- [THE PROBLEM] A word-for-word copy of the listing, free of images, is the expected answer.

- [AVAILABLE DATA]
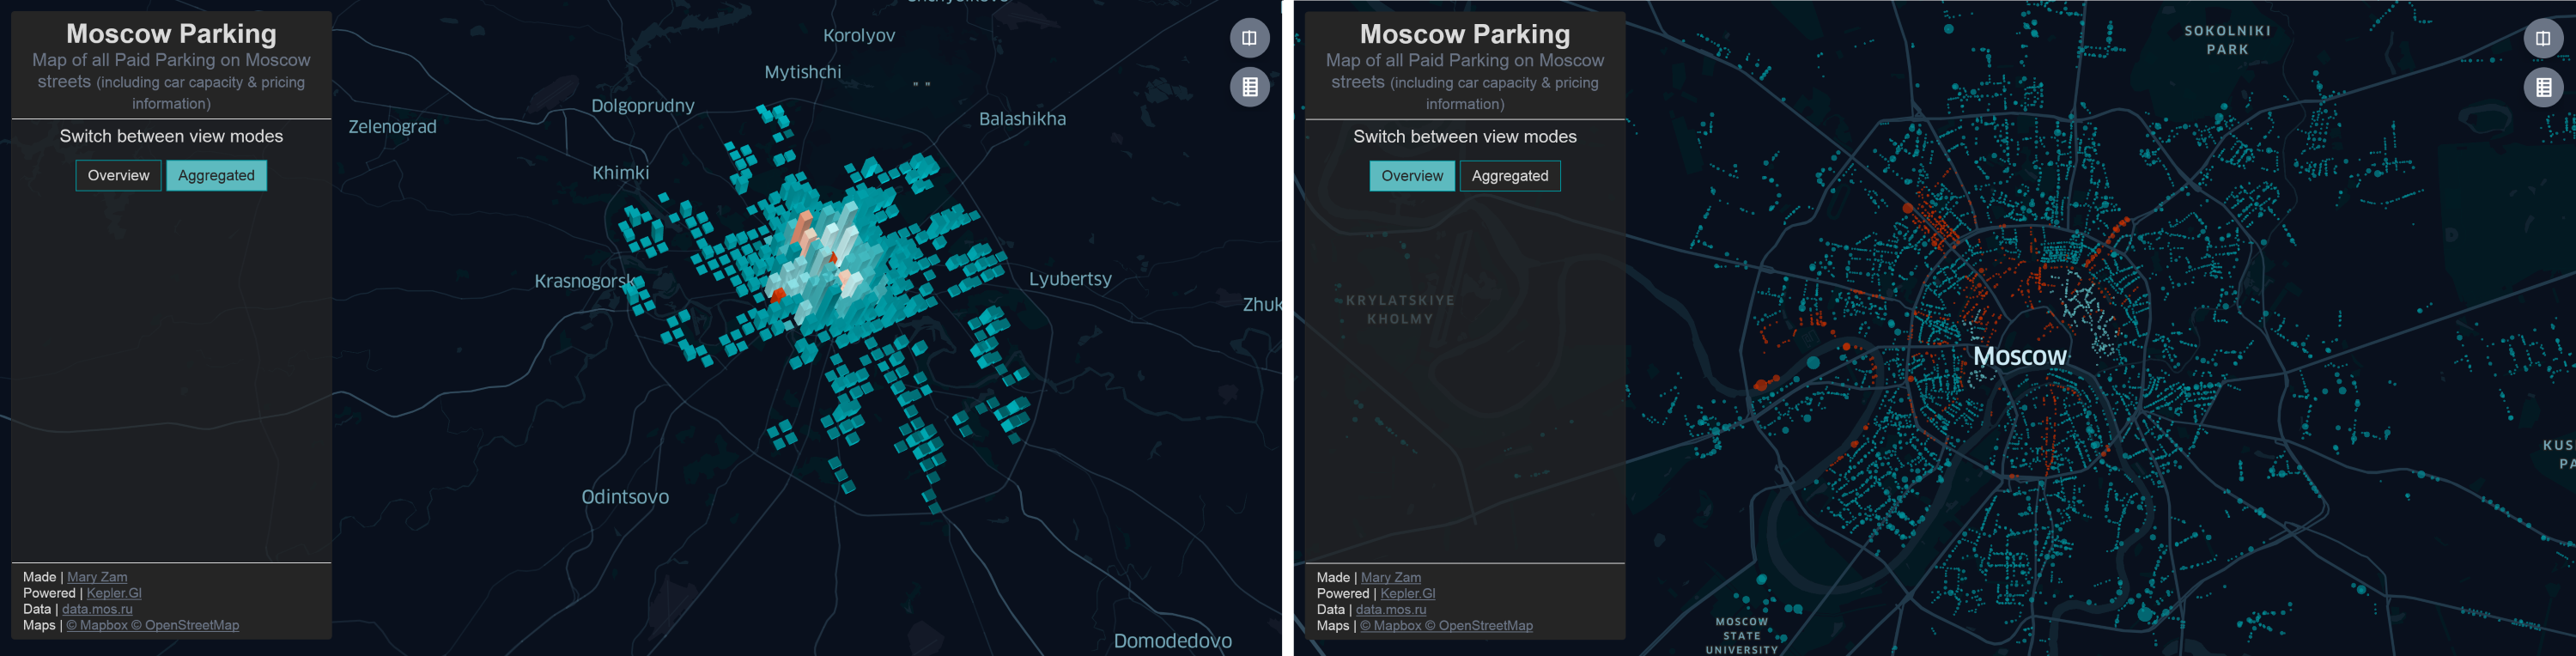 Демо приложение о платных парковках Москвы
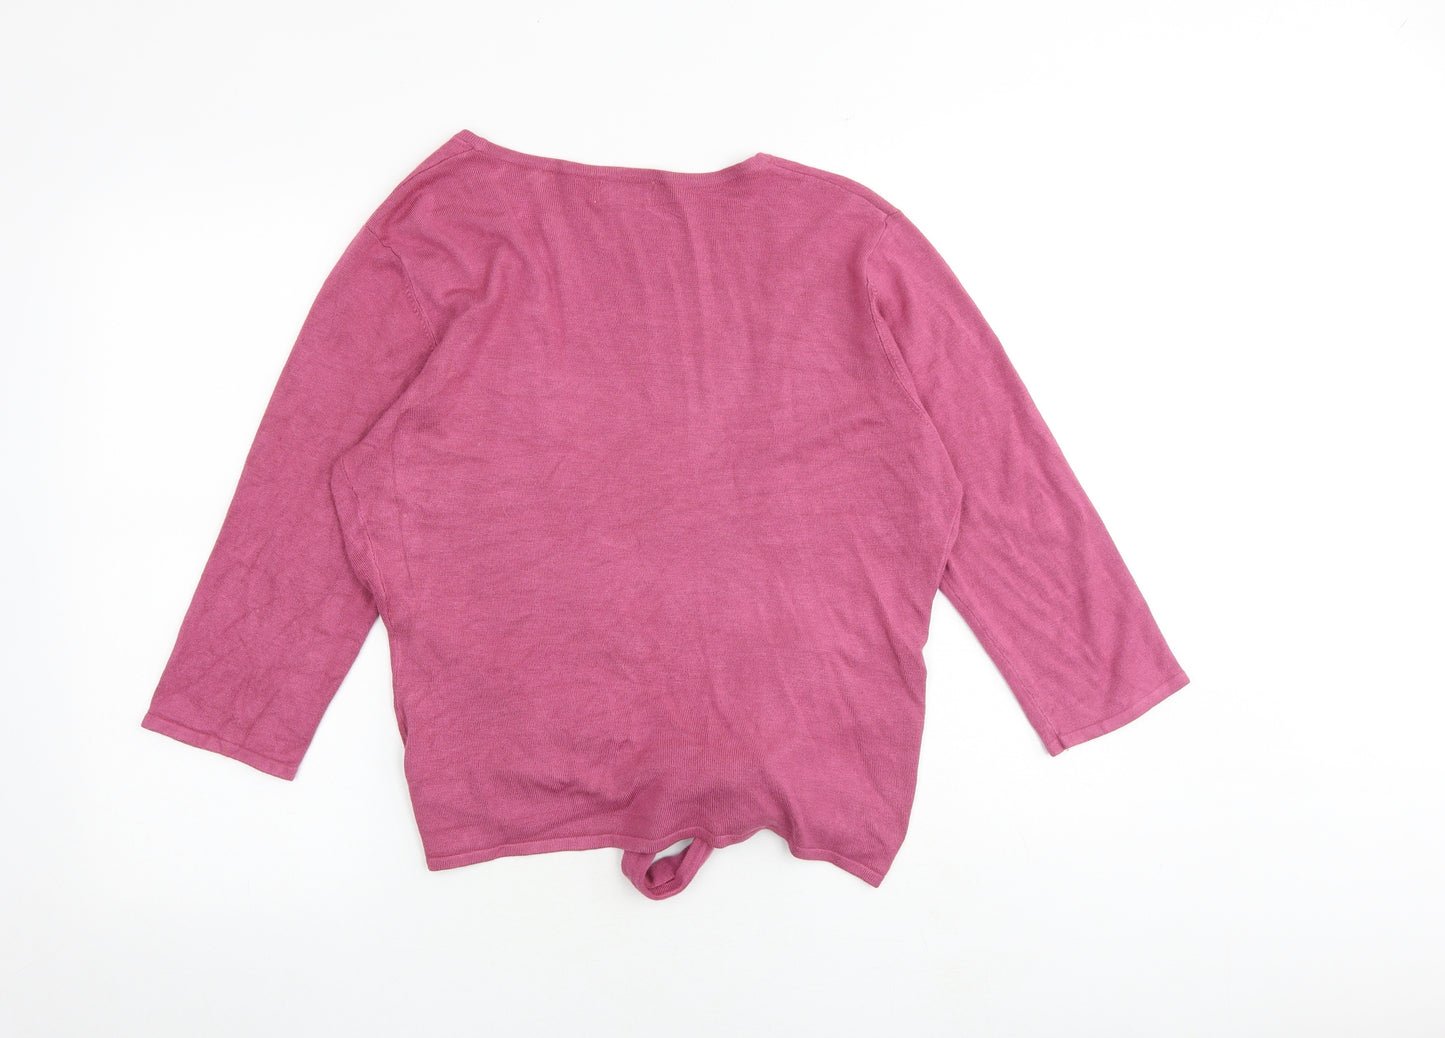 Kaliko Womens Pink V-Neck Viscose Cardigan Jumper Size 12 - Tie Front
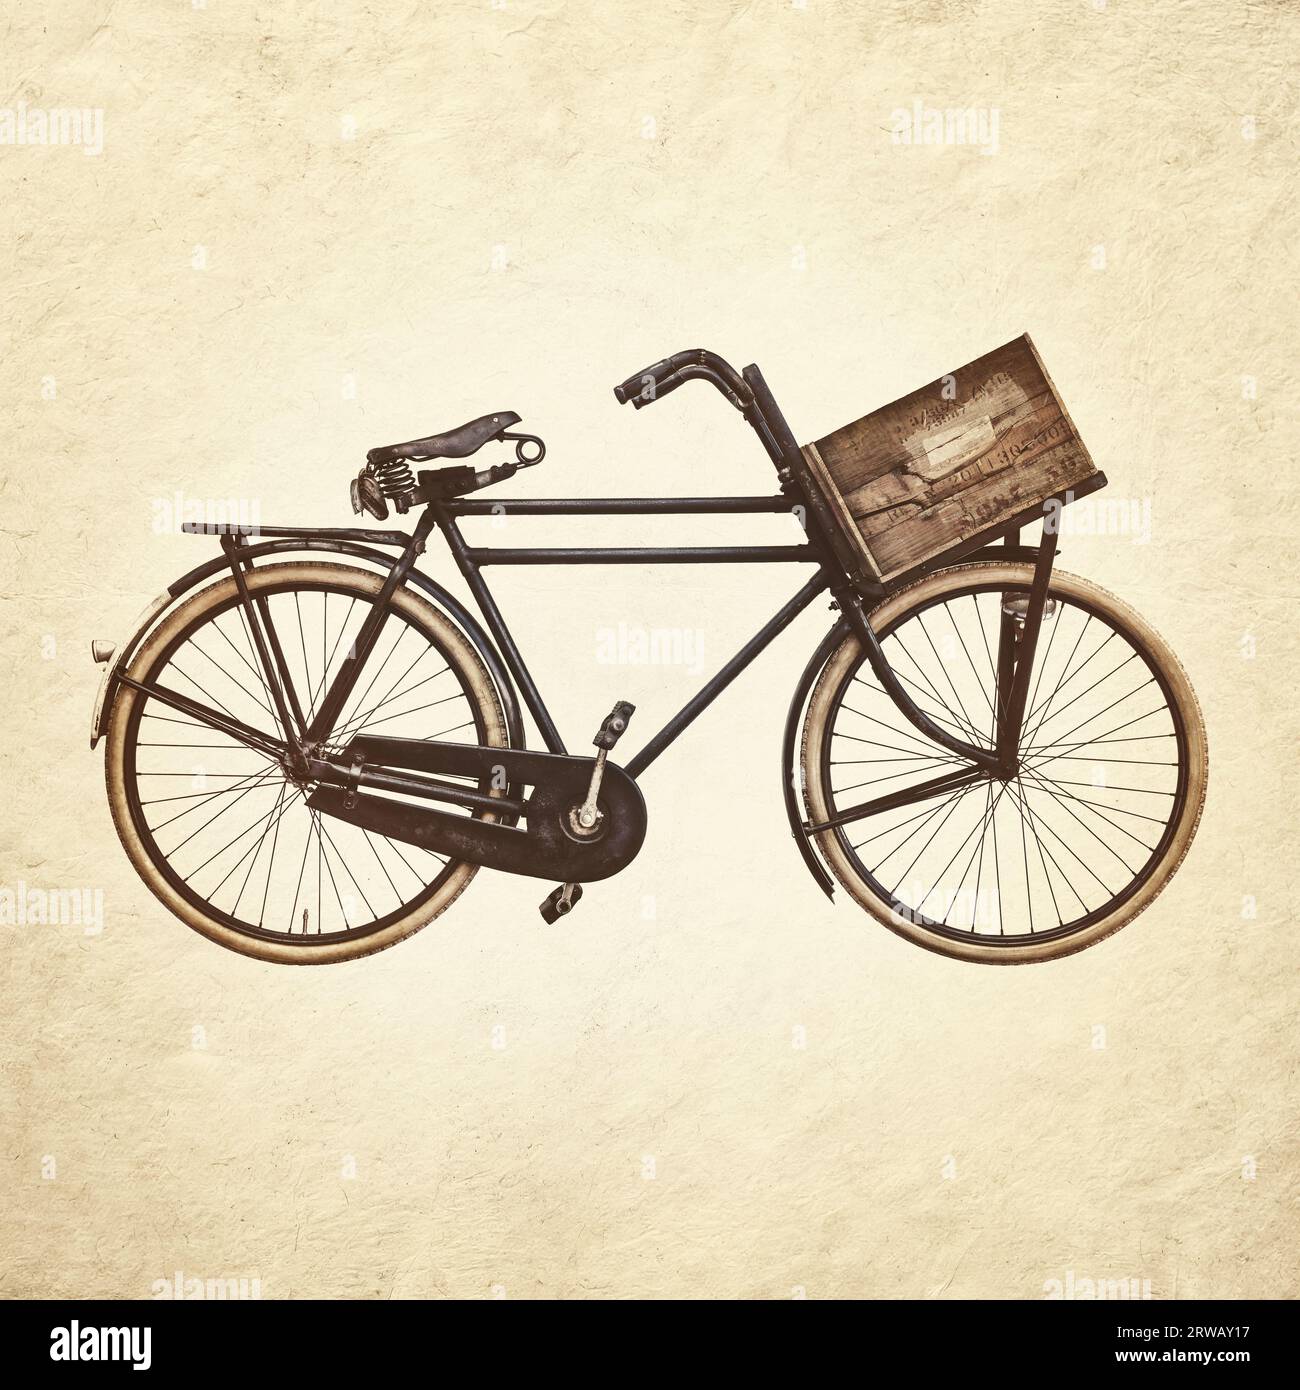 Immagine in tonalità seppia di una bicicletta cargo nera d'epoca con una vecchia cassa di trasporto in legno Foto Stock

- [OUTPUT OF THE TASK]
 Демо приложение о платных парковках Москвы
 Kaliko Womens Pink V-Neck Viscose Cardigan Jumper Size 12 - Tie Front
 Immagine in tonalità seppia di una bicicletta cargo nera d'epoca con una vecchia cassa di trasporto in legno Foto Stock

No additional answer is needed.